( 844270 )
Au début du texte, une véritable énormité, du cardinal Sodano. par Scrutator Sapientiæ (2018-02-14 06:28:58)
[en réponse à 844250]
Bonjour Candidus,
Voici :
"Cela fait maintenant presque 5 ans, jour pour jour que Benoît XVI annonçait, dans un discours historique, sa renonciation. Le cardinal Sodano, doyen du Sacré-Collège évoqua alors «un coup de tonnerre dans un ciel serein» tout en saluant le travail accompli par Benoît XVI avec beaucoup d’amour et d’humilité, depuis le 19 avril 2005."
La démission du pape Benoît XVI a certainement été "un coup de tonnerre", mais n'a certainement pas été "un coup de tonnerre dans un ciel serein".
Je me souviens très bien du fait qu'au moins les deux dernières années du pontificat de Benoît XVI, à savoir les années 2011 et 2012, n'ont pas du tout été équivalentes, et ne sont donc pas du tout assimilables, à "un ciel serein".
Et je ne fais même pas allusion, ici, à une possible "face cachée" (financière, judiciaire, etc.) d'au moins une partie de ce pontificat : je fais allusion ici, tout simplement, à ce que nous avons eu sous les yeux, du printemps 2005 à l'hiver 2013, ce qui signifie évidemment pas que je considère que le pape Benoît XVI est le premier ou le seul responsable du fait que son pontificat n'a que rarement été ou rendu bénéficiaire d'un optimum de sérénité.
Bonne journée.
Scrutator.

( 844282 )
en effet le ciel était gris, orageux et déprimant par Luc Perrin (2018-02-14 14:35:38)
[en réponse à 844270]
Juste observation mais venant d'un diplomate comme le cardinal Sodano, qui n'était pas au mieux avec le Pontife, rien ne m'étonne.

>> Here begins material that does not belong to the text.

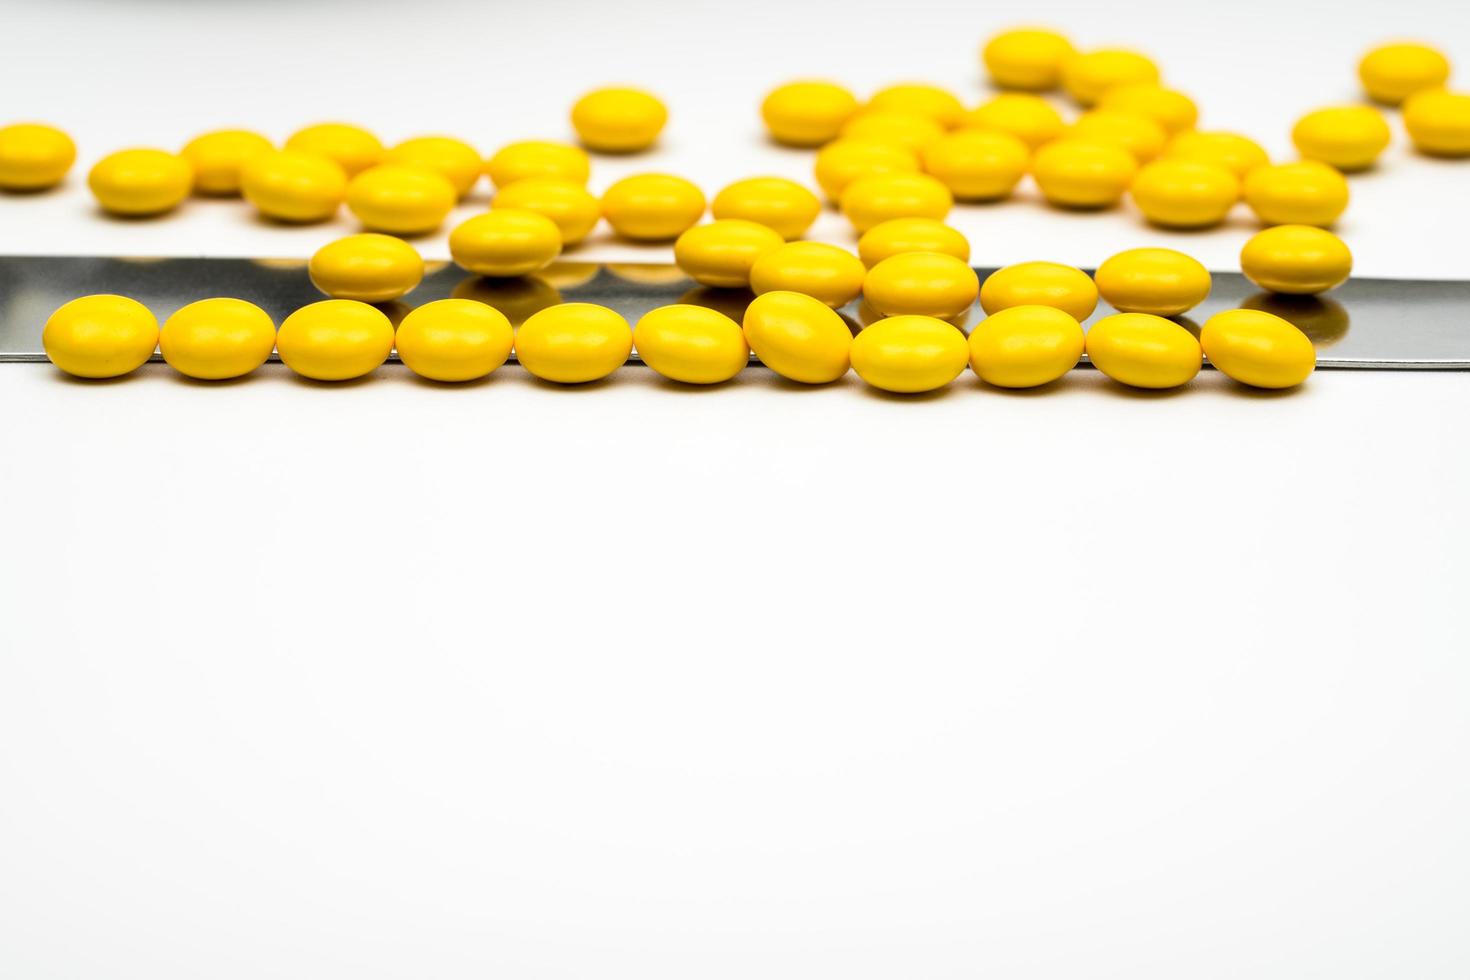 macro shot detalle de pastillas recubiertas de azúcar redondas amarillas y espátula de acero inoxidable sobre fondo blanco con espacio de copia foto

Maintenant même avec ces lourds nuages, il était difficile de prévoir cette renonciation. Il y a eu bien des pontificats aux dernières années lourdes sans pour autant que cela se traduise par une renonciation.
Pour Paul VI et Jean-Paul II, on en avait beaucoup parlé il est vrai et Paul VI l'avait envisagé sans franchir le pas in fine.

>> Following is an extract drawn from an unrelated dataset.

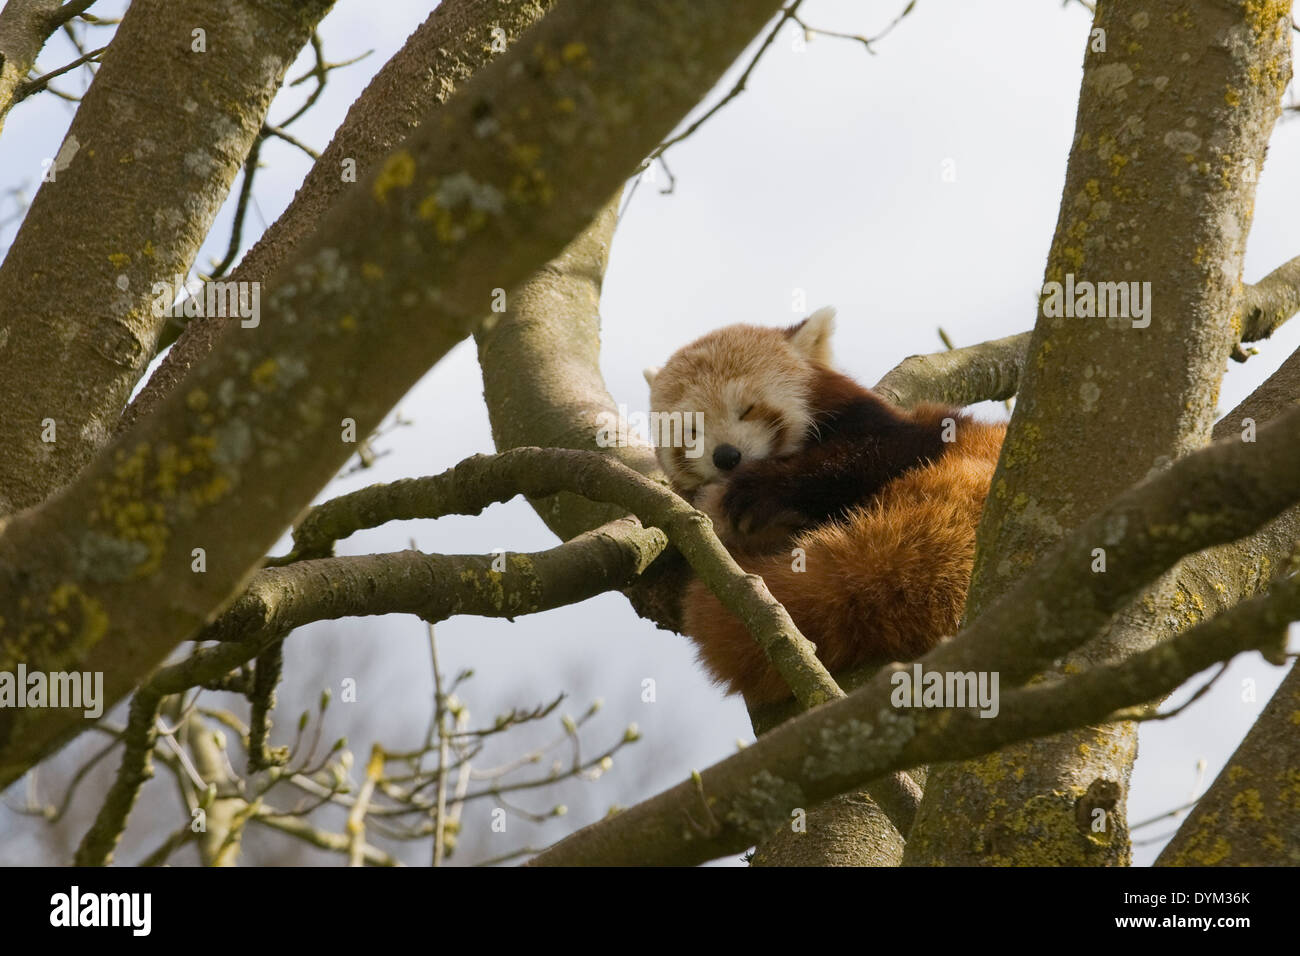 Un panda rouge en captivité dans un arbre Ailurus fulgens Banque D'Images

Ni Pie VI ni Pie VII, prisonniers, n'ont opté pour une renonciation.
L'Église est-elle en meilleure position en février 2018 qu'il y a cinq ans ? Chacun pourra en juger.
Une chose restera, Benoît XVI n'a jamais réclamé une expertise dans l'art de gouverner et son pontificat a démontré, à mon sens, que cela ne tenait pas qu'à sa modestie naturelle et sincère.